Pennington Biomedical Research Center, Louisiana State University, Baton Rouge, LA 70808, USA.
Neurogastroenterol Motil. 2011 Feb;23(2):e69-79. doi: 10.1111/j.1365-2982.2010.01616.x. Epub 2010 Oct 18.
We have shown recently that our model of experimental high-thoracic spinal cord injury (T3-SCI) mirrors the gastrointestinal clinical presentation of neurotrauma patients, whereby T3-SCI animals show diminished gastric emptying and dysmotility. In this study we used cholecystokinin as a model peptide to test the hypothesis that the T3-SCI induced gastroparesis is due, in part, to an impaired vagally-mediated response to gastrointestinal peptides.
We measured the responses to sulfated cholecystokinin (CCK-8s) in control and T3-SCI (3 or 21 days after injury) rats utilizing: (i) c-fos expression in the nucleus tractus solitarius (NTS) following peripherally administered CCK-8s; (ii) in vivo gastric tone and motility following unilateral microinjection of CCK-8s into the dorsal vagal complex (DVC); and (iii) whole cell recordings of glutamatergic synaptic inputs to NTS neurons.

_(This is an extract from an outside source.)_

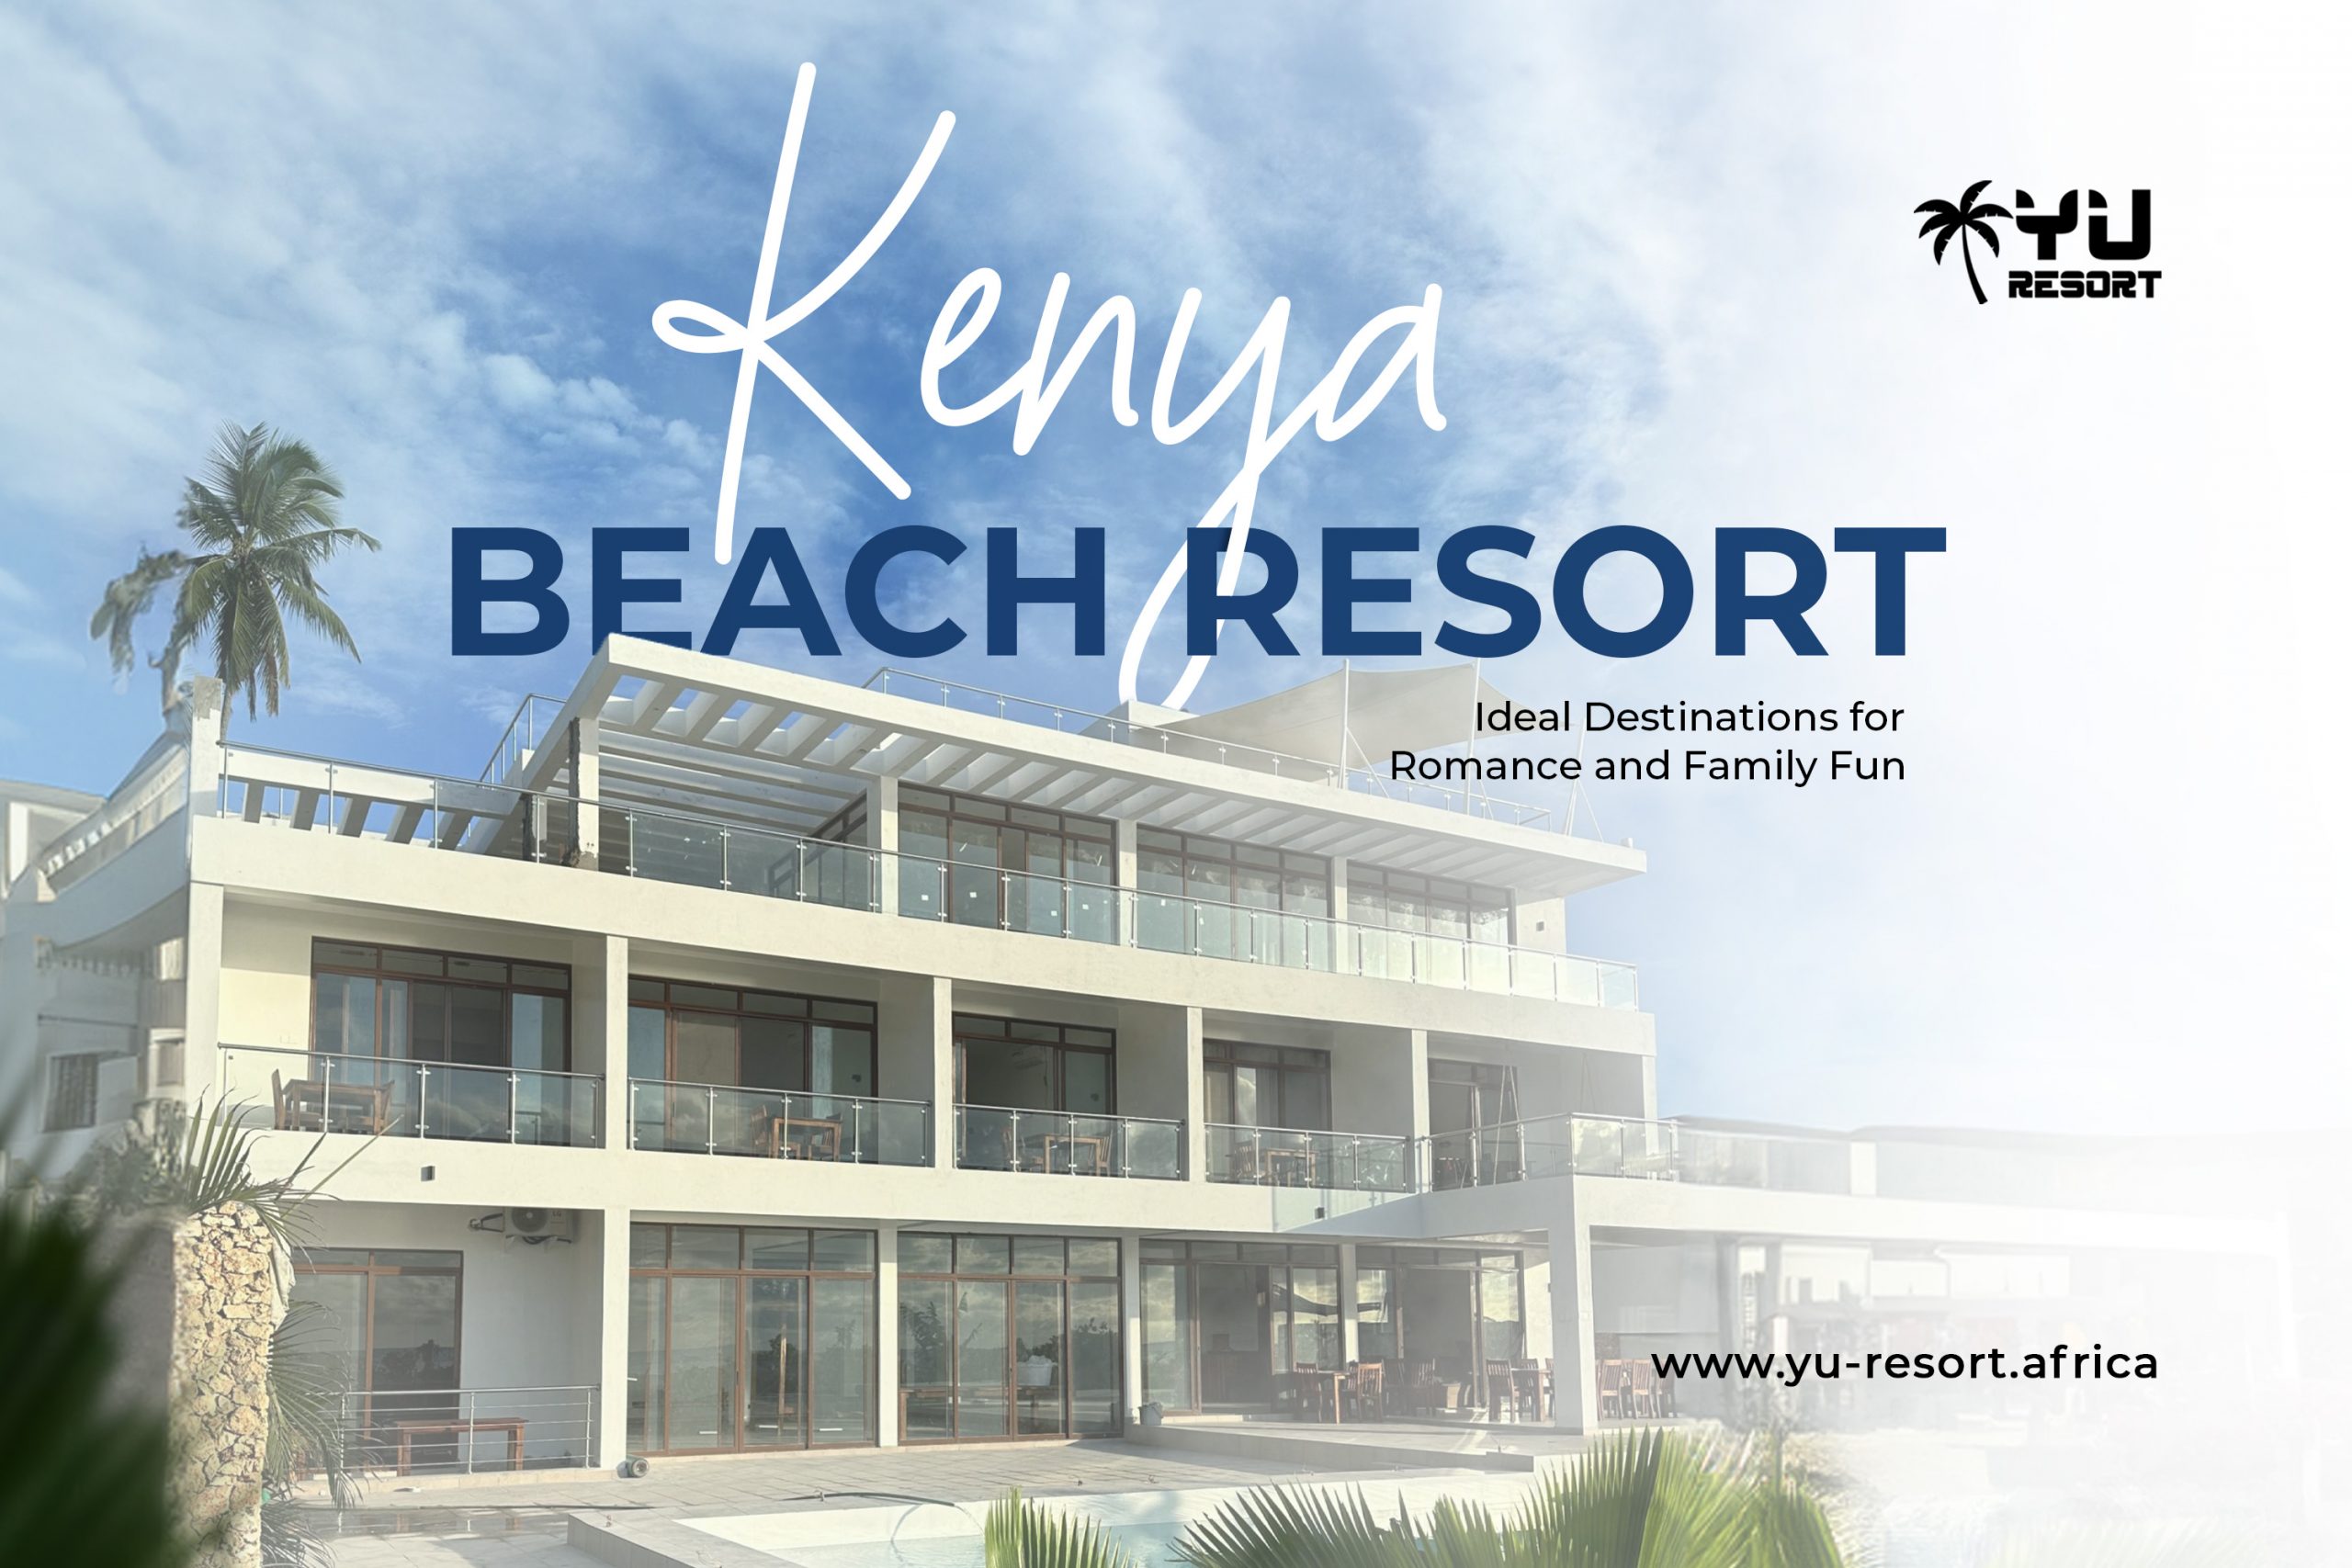 Kenyan Beach Resort: Ideal Destinations for Romance and Family Fun

Our results show that: (i) medullary c-fos expression in response to peripheral CCK-8s was significantly lower in T3-SCI rats 3 days after the injury, but recovered to control values at 3 weeks post-SCI, (ii) Unilateral microinjection of CCK-8s in the DVC induced a profound gastric relaxation in control animals, but did not induce any response in T3-SCI rats at both 3 and 21 days after SCI, (iii) Perfusion with CCK-8s increased glutamatergic currents in 55% of NTS neurons from control rats, but failed to induce any response in NTS neurons from T3-SCI rats.
CONCLUSIONS & INFERENCES: Our data indicate alterations of vagal responses to CCK-8s in T3-SCI rats that may reflect a generalized impairment of gastric vagal neurocircuitry, leading to a reduction of gastric functions after SCI.
我们最近表明,我们的实验性高胸脊髓损伤(T3-SCI)模型反映了神经创伤患者的胃肠道临床表现,其中 T3-SCI 动物表现出胃排空减少和运动障碍。在这项研究中,我们使用胆囊收缩素作为模型肽来检验假设,即 T3-SCI 诱导的胃轻瘫部分是由于胃肠道肽的迷走神经介导反应受损。
我们使用以下方法测量了对硫酸胆囊收缩素(CCK-8s)的反应:(i)在外周给予 CCK-8s 后,在孤束核(NTS)中测量 c-fos 表达;(ii)单侧微注射 CCK-8s 到迷走神经复合体(DVC)后,测量胃张力和运动;(iii)NTS 神经元的谷氨酸能突触输入的全细胞记录。
我们的结果表明:(i)T3-SCI 大鼠在损伤后 3 天,对周围 CCK-8s 的髓质 c-fos 表达明显降低,但在 SCI 后 3 周恢复到对照值;(ii)单侧微注射 CCK-8s 到 DVC 在对照动物中诱导了深刻的胃松弛,但在 T3-SCI 大鼠中在 SCI 后 3 天和 21 天都没有诱导任何反应;(iii)CCK-8s 的灌流增加了 55%来自对照大鼠的 NTS 神经元的谷氨酸电流,但未能诱导来自 T3-SCI 大鼠的 NTS 神经元的任何反应。
我们的数据表明,T3-SCI 大鼠中迷走神经对 CCK-8s 的反应发生改变,这可能反映了胃迷走神经神经回路的普遍损伤,导致 SCI 后胃功能下降。